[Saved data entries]
☆ ☆ ☆

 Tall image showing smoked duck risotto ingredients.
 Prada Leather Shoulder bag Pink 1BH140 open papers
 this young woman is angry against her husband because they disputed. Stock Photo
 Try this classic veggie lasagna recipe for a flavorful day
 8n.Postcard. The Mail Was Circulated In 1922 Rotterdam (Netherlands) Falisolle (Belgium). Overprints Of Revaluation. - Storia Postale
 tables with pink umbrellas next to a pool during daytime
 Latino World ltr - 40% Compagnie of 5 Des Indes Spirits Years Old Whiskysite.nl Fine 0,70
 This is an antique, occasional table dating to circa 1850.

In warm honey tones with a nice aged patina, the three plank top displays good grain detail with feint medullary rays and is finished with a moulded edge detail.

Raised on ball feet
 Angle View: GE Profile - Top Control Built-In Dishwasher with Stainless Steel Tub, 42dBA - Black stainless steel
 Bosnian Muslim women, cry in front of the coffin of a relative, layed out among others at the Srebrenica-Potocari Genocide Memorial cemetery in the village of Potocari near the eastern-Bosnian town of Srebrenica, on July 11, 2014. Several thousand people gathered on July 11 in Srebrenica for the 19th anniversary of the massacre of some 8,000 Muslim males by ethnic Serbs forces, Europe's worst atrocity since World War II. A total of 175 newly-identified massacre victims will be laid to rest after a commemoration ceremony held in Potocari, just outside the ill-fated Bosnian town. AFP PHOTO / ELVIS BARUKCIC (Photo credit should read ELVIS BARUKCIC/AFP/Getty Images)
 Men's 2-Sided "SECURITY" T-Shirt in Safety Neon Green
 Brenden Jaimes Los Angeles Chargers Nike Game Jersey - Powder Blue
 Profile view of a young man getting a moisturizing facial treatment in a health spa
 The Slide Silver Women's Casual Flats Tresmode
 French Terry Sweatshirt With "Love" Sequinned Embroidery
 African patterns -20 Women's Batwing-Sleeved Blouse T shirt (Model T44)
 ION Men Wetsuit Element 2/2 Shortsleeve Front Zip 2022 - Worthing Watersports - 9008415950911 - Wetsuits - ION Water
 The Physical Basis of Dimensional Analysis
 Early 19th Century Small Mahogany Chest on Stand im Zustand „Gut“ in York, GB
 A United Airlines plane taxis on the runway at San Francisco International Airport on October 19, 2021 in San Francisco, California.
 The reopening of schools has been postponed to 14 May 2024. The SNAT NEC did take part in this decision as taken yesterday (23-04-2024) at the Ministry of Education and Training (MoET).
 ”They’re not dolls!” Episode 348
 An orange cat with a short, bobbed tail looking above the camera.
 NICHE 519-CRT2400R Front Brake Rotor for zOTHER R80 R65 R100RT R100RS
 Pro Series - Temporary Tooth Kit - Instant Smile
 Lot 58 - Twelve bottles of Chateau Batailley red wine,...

☆ ☆ ☆

■ EXERCISE INSTRUCTIONS ■
Return exactly the line that contains "A United Airlines" and every line after it, through the last line of the records.

■ FINISHED TASK ■
 A United Airlines plane taxis on the runway at San Francisco International Airport on October 19, 2021 in San Francisco, California.
 The reopening of schools has been postponed to 14 May 2024. The SNAT NEC did take part in this decision as taken yesterday (23-04-2024) at the Ministry of Education and Training (MoET).
 ”They’re not dolls!” Episode 348
 An orange cat with a short, bobbed tail looking above the camera.
 NICHE 519-CRT2400R Front Brake Rotor for zOTHER R80 R65 R100RT R100RS
 Pro Series - Temporary Tooth Kit - Instant Smile
 Lot 58 - Twelve bottles of Chateau Batailley red wine,...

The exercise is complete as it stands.